Figure 1. Initial tests of catalyst enantioselectivity in the nucleophilic trifluoromethylation of benzaldehyde.
Given the successes of these preliminary experiments, we focused our efforts on scaling up the syntheses of the catalysts and improving our purification protocols. However, our attempts to reproduce oxidations of peptoids to the corresponding N-oxide catalysts using the BAP reagent failed. Subsequent experiments revealed that the N,N-dimethyl-N-oxide group can be displaced by nucleophiles under neutral and acidic conditions. After alternative functional groups such as tertiary amines and carboxylates failed to exhibit sufficient catalytic activity, we discovered that incorporation of N,N-dimethylphenylalanine as the precatalytic residue blocked this reaction pathway and, in conjunction with oxidation using meta-chloroperbenzoic acid (mCPBA), generated the desired catalyst in quantitative yield (Figure 2). This methodology was used to successfully synthesize a series of peptoid catalysts analogous to 4 but varying in length from three to six residues. In addition, catalysts containing hydrogen bond donors were also constructed in an effort to engender bifunctional catalysis that could dramatically enhance performance. Assessment of the catalytic activities of these compounds is ongoing in my laboratory.
Figure 2. Oxidation of peptoids giving quantitative yields of putative nucleophilic trifluoromethylation catalysts.
In parallel with the work above, we also sought to determine the catalytic potential of peptoids containing both D- and L-residues, as analogous peptides have proven to be exceptionally powerful and versatile catalyst scaffolds. To date, several studies have shown that mixing side chain stereoconfigurations within a peptoid decreases its conformational stability and homogeneity, likely due to the suppression of folding cooperativity. We reasoned that 1-naphthylethyl groups in particular might stabilize new peptoid structures in the absence of cooperative folding due to their extended reach, which could facilitate contact with distant atoms and thereby restrict not only the w dihedral angle of the nearby amide, but also the f, y, and nearby sidechain dihedral angles as well. This design scheme allowed us to realize several new and unique peptoid structures with high conformational homogeneity, including a 'w-strand' motif for which we were able to obtain the first atomic resolution X-ray crystal structures (Figure 3). These previously inaccessible secondary structures constitute an entirely new class of discretely folded peptoids with potential applications in not only catalysis, but also materials design and biochemical investigation. Examination of the catalytic potential of these motifs is currently underway in my laboratory.

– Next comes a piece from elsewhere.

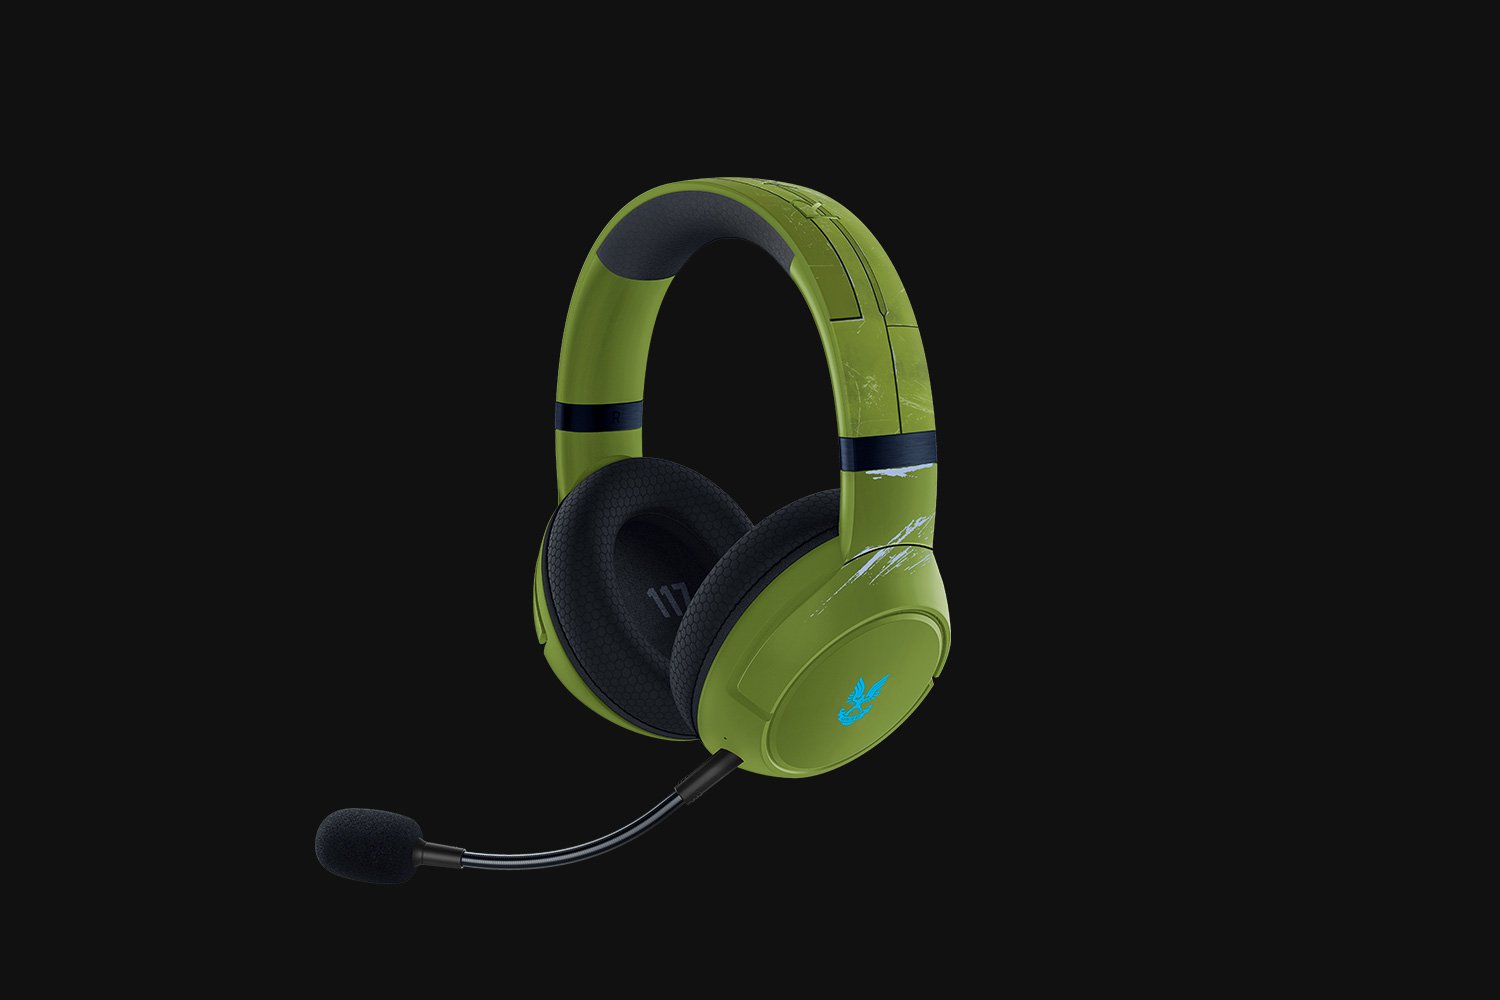 Razer Kaira Pro for Xbox Series X Halo Infinite Edition Wireless Gaming Headset

Figure 3. X-ray crystal structure of a new peptoid 'w-strand' motif, with nOes observed in solution shown as green lines.
The support provided by this grant has allowed me to lay the foundations for a successful research program that has already yielded a significant publication. Moreover, the program has excited and inspired undergraduates to join me in pursuing this research, which in turn has inspired several of them to pursue chemistry degrees and careers in the sciences. Going forward, I envision applying the synthetic methodologies we are developing towards the synthesis of large libraries of peptoid catalysts useful for not only trifluoromethylations, but also for other classes of reactions that are difficult to conduct using typical small-molecule catalysts. These pursuits could ultimately open avenues toward new and efficient syntheses of petroleum-derived products.